• _DATA RECORDS_
──────────
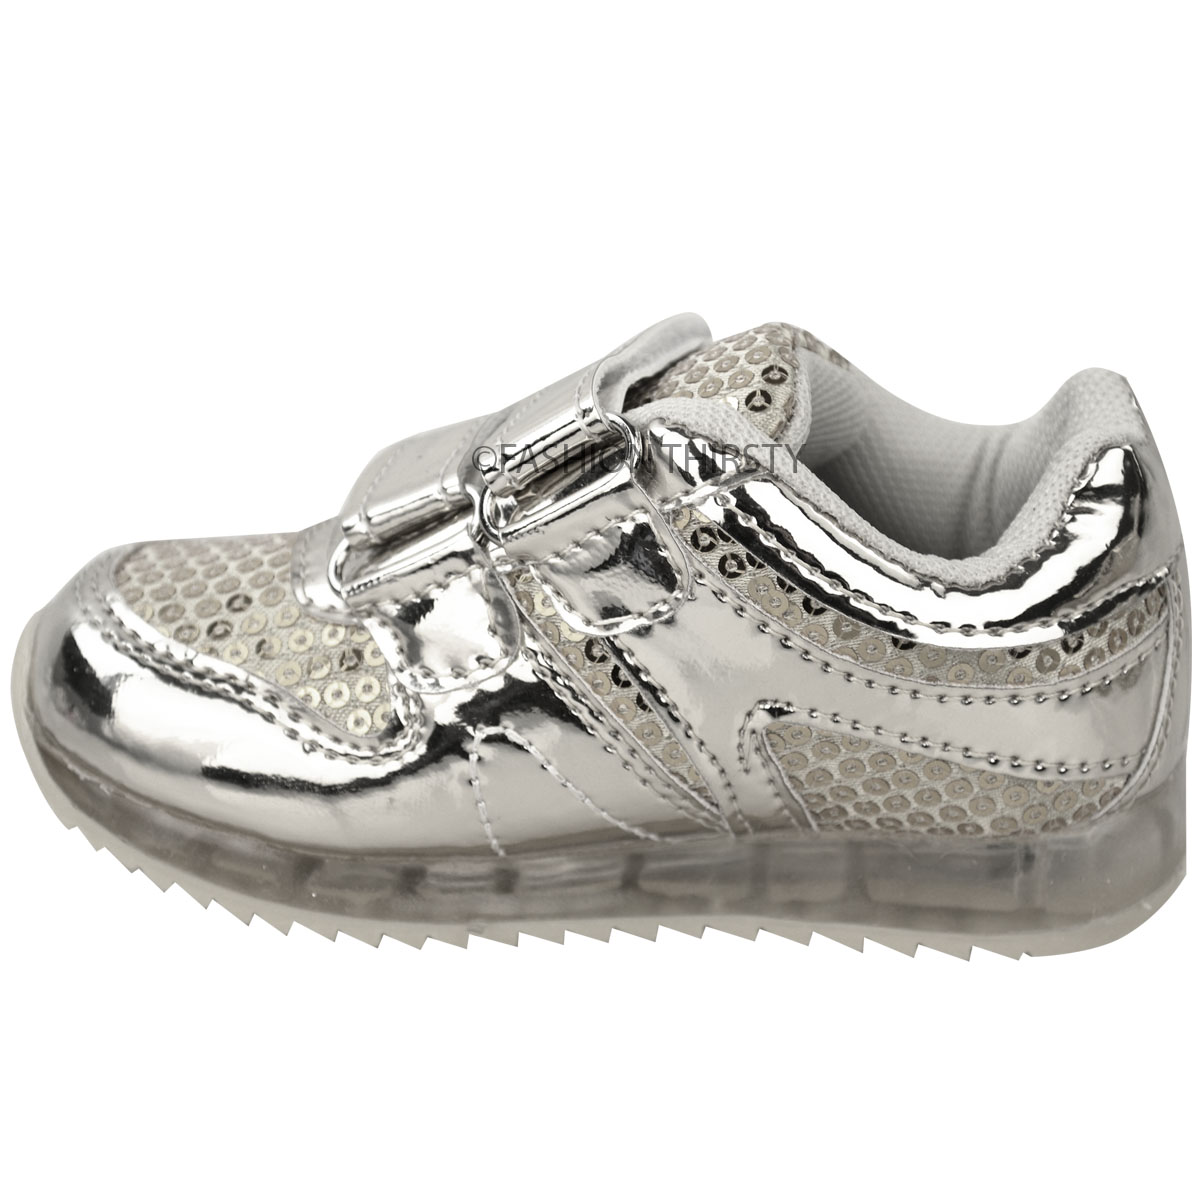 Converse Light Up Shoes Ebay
──────────
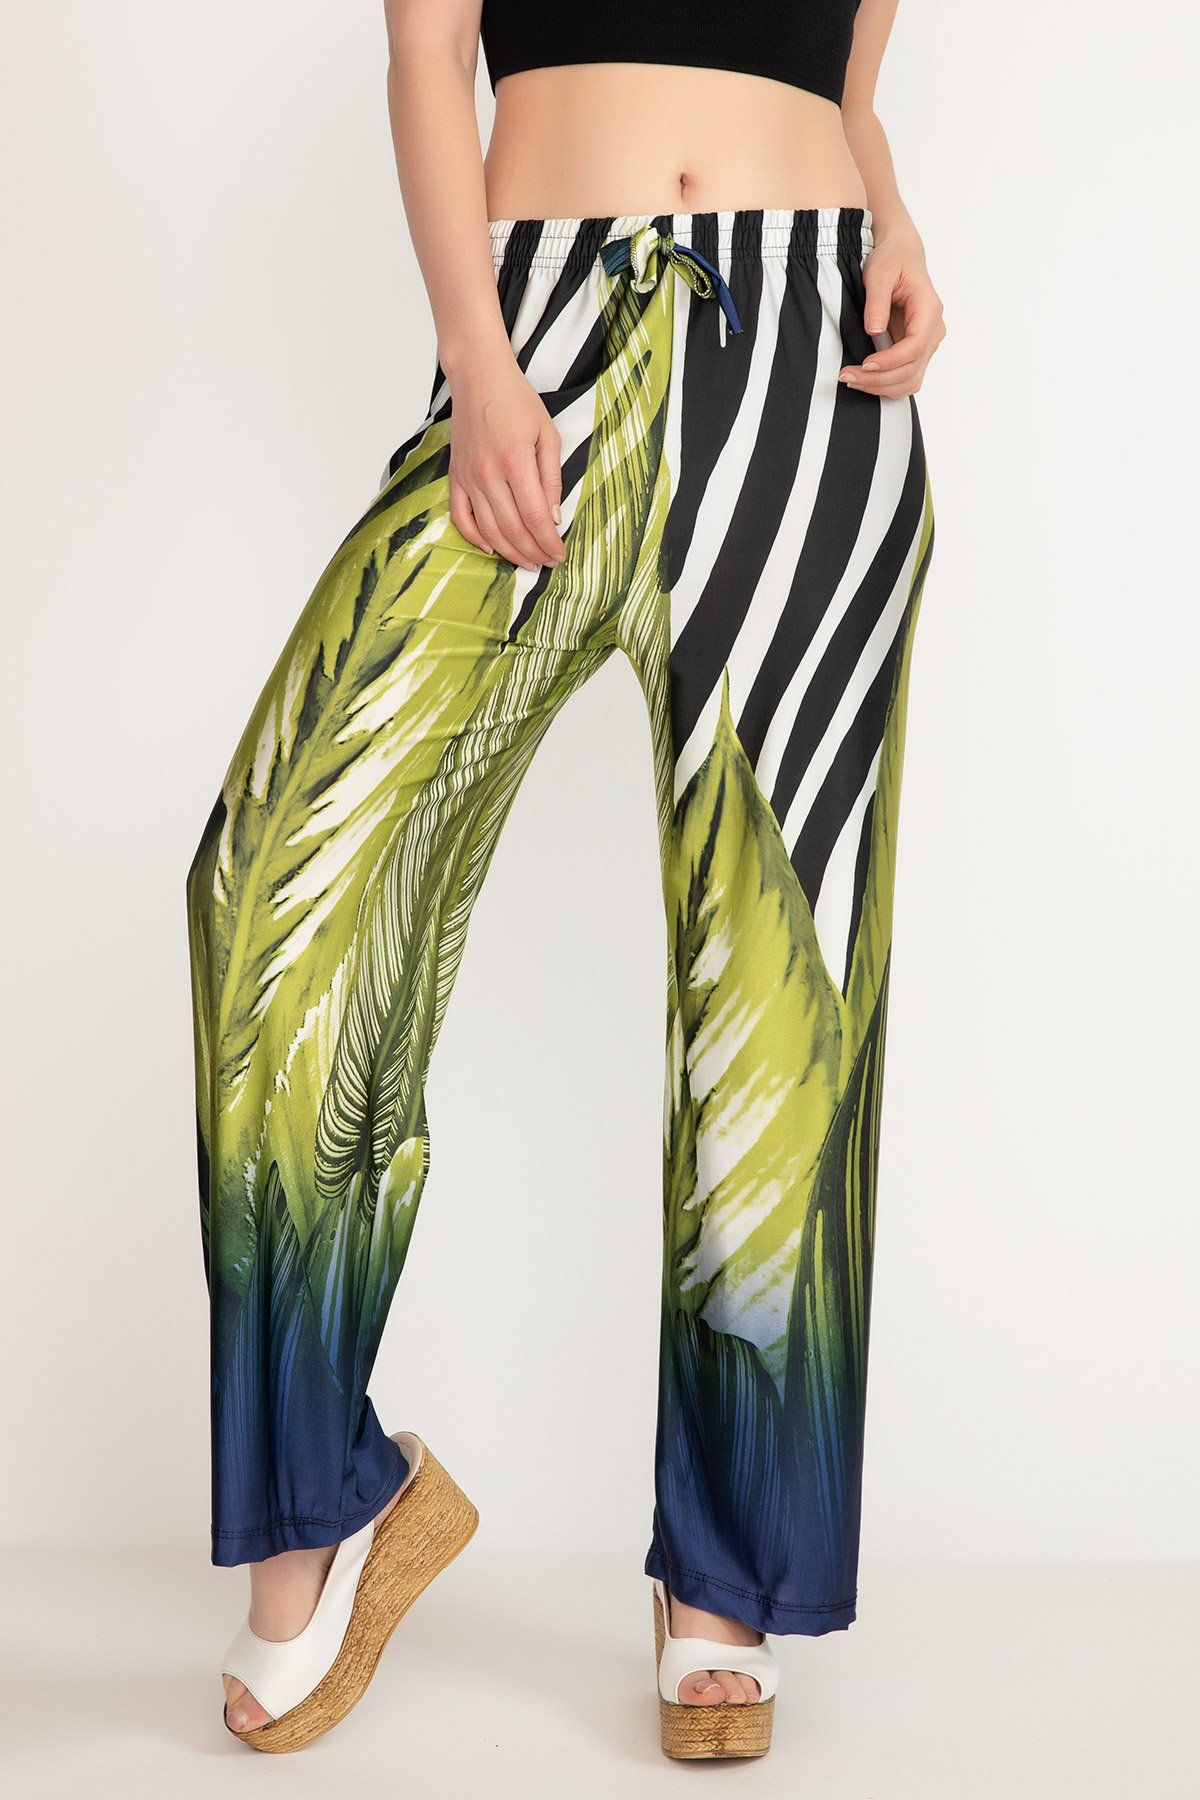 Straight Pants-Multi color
──────────
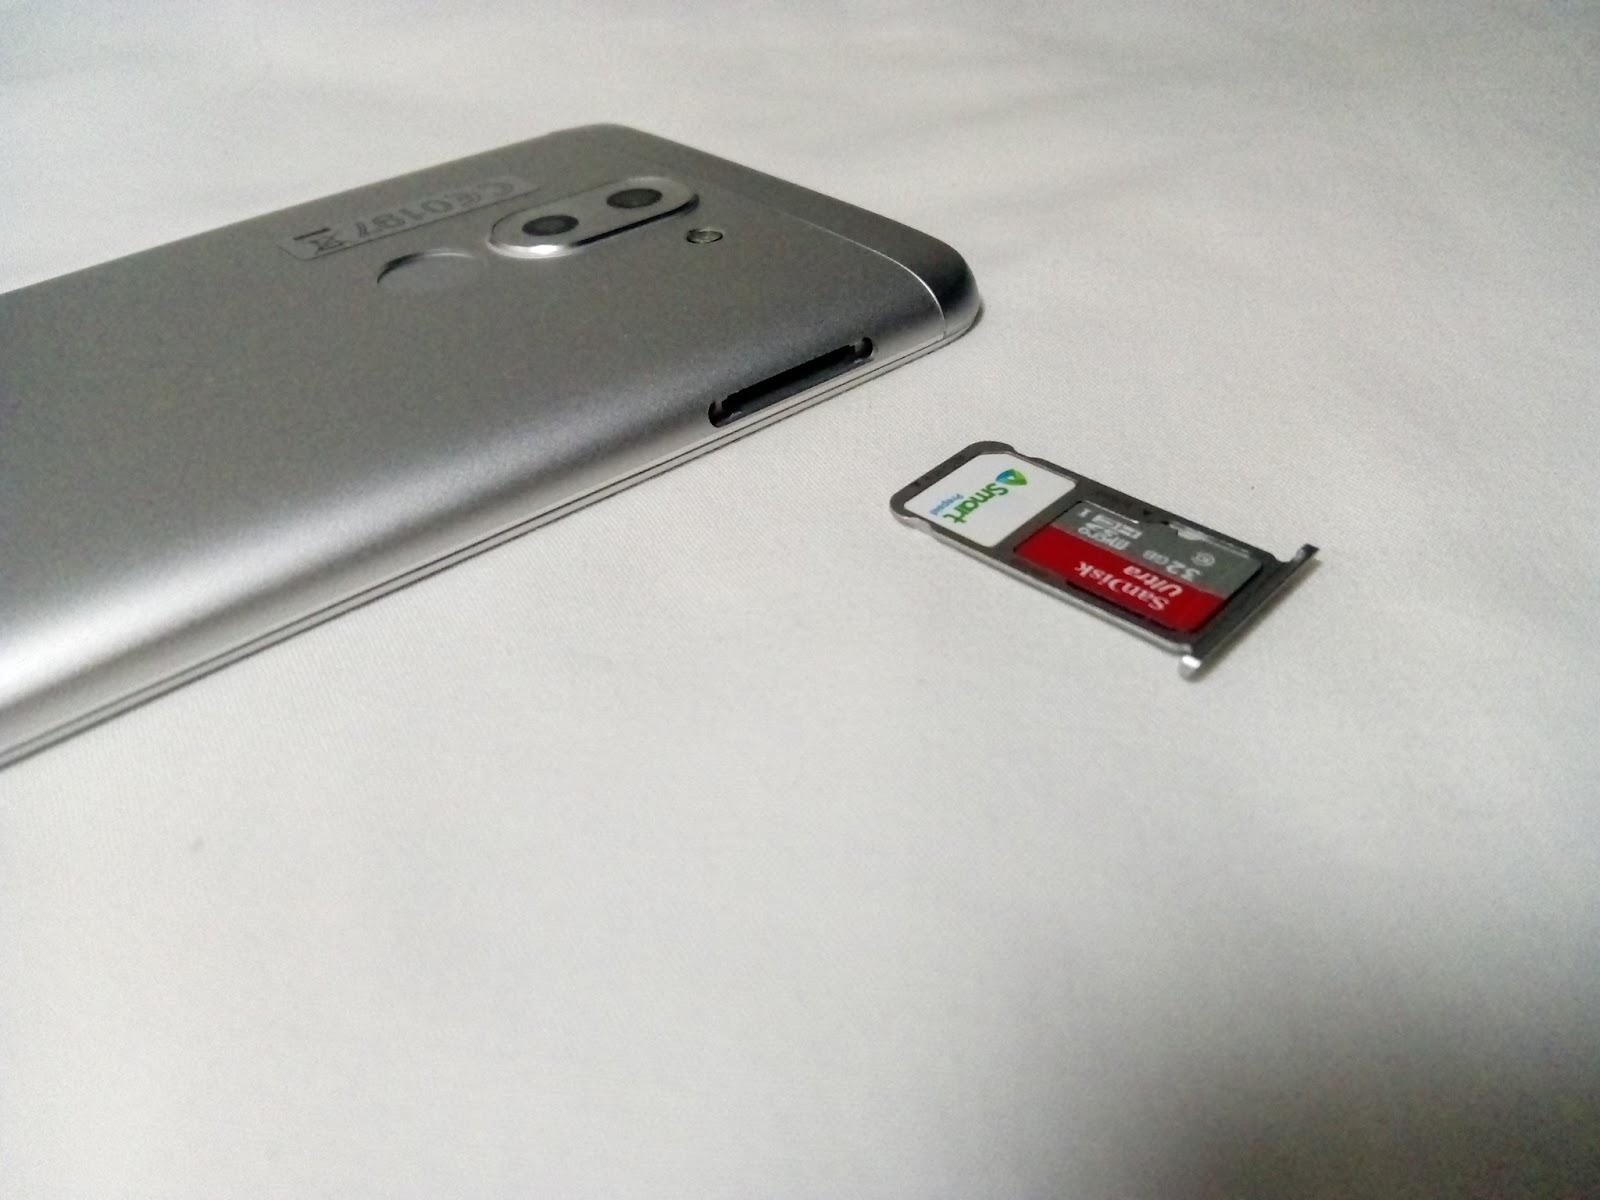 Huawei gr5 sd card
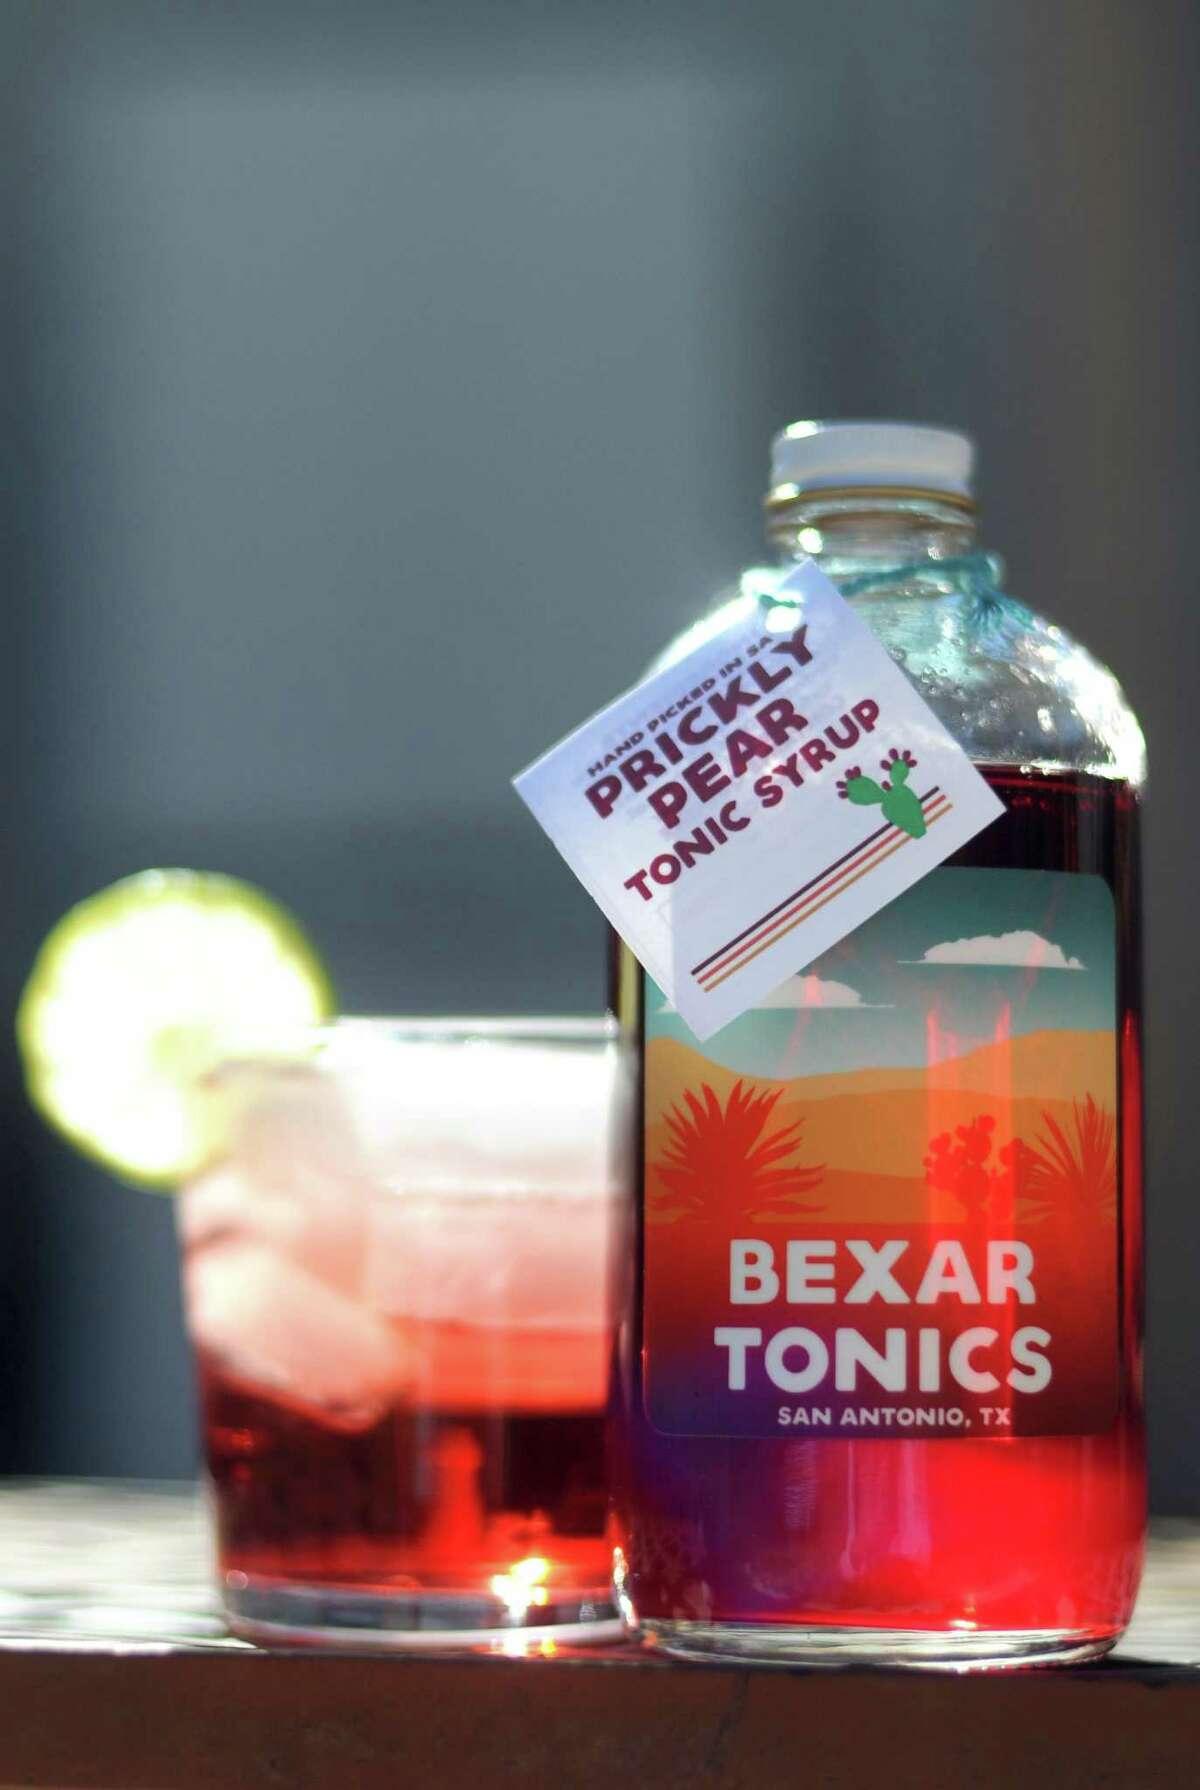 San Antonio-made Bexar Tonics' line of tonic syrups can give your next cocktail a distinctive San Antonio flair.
──────────
Within the entries above, give again exactly the lines starting at the one that contains "Huawei gr5 sd card" and ending at the one that contains "San Antonio-made Bexar", leaving out the pictures.

 Huawei gr5 sd card
 San Antonio-made Bexar Tonics' line of tonic syrups can give your next cocktail a distinctive San Antonio flair.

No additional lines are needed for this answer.